Convolutional Neural Network ◽

Classification Accuracy ◽

Bayesian Optimization ◽

Intelligent Fault Diagnosis ◽

Accelerometer Signal ◽

Rotary Machinery

Intelligent fault diagnosis can be related to applications of machine learning theories to machine fault diagnosis. Although there is a large number of successful examples, there is a gap in the optimization of the hyper-parameters of the machine learning model, which ultimately has a major impact on the performance of the model. Machine learning experts are required to configure a set of hyper-parameter values manually. This work presents a convolutional neural network based data-driven intelligent fault diagnosis technique for rotary machinery which uses model with optimized hyper-parameters and network structure. The proposed technique input raw three axes accelerometer signal as high definition 1-D data into deep learning layers with optimized hyper-parameters. Input is consisted of wide 12,800 × 1 × 3 vibration signal matrix. Model learning phase includes Bayesian optimization that optimizes hyper-parameters of the convolutional neural network. Finally, by using a Convolutional Neural Network (CNN) model with optimized hyper-parameters, classification in one of the 8 different machine states and 2 rotational speeds can be performed.

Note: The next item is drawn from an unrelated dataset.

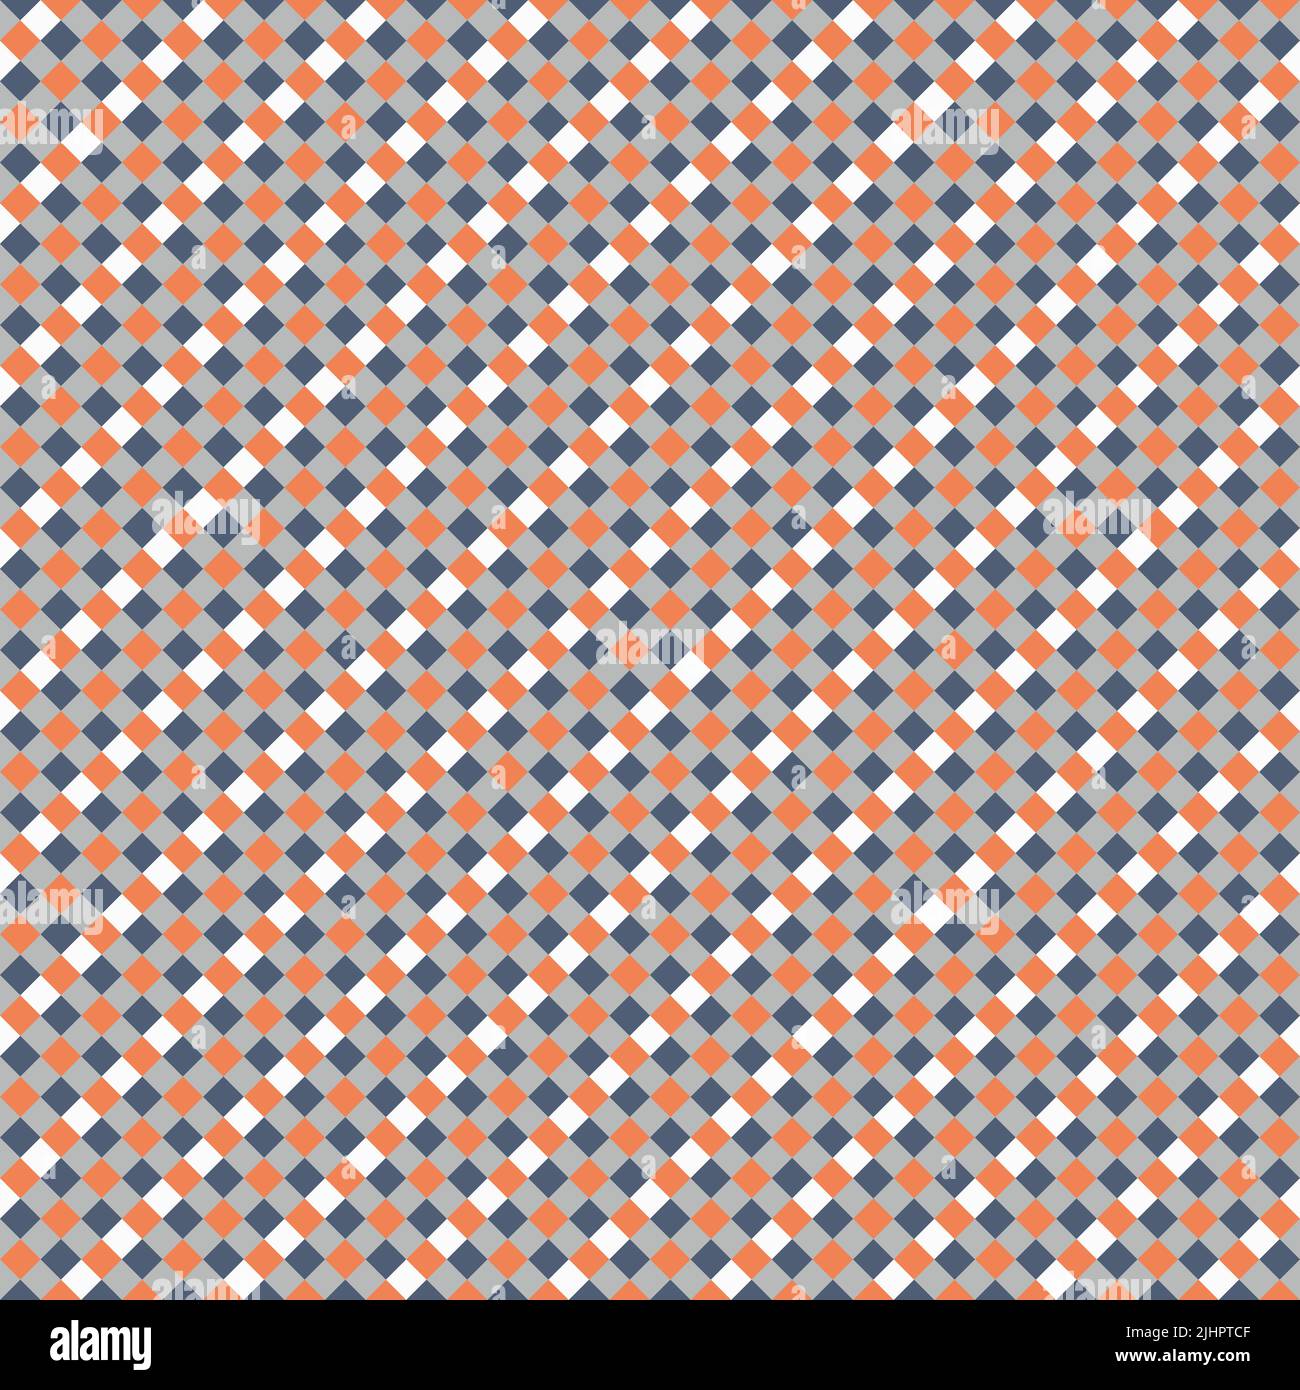 https://c8.alamy.com/comp/2JHPTCF/white-gray-orange-seamless-small-diagonal-french-checkered-pattern-little-inclined-colorful-fabric-check-pattern-background-45-degrees-classic-check-2JHPTCF.jpg

This study accomplished the effective classification of different rotary machinery states in different rotational speeds using optimized convolutional artificial neural network for classification of raw three axis accelerometer signal input. Overall classification accuracy of 99.94% on evaluation set is obtained with the CNN model based on 19 layers. Additionally, more data are collected on the same machine with altered bearings to test the model for overfitting. Result of classification accuracy of 100% on second evaluation set has been achieved, proving the potential of using the proposed technique.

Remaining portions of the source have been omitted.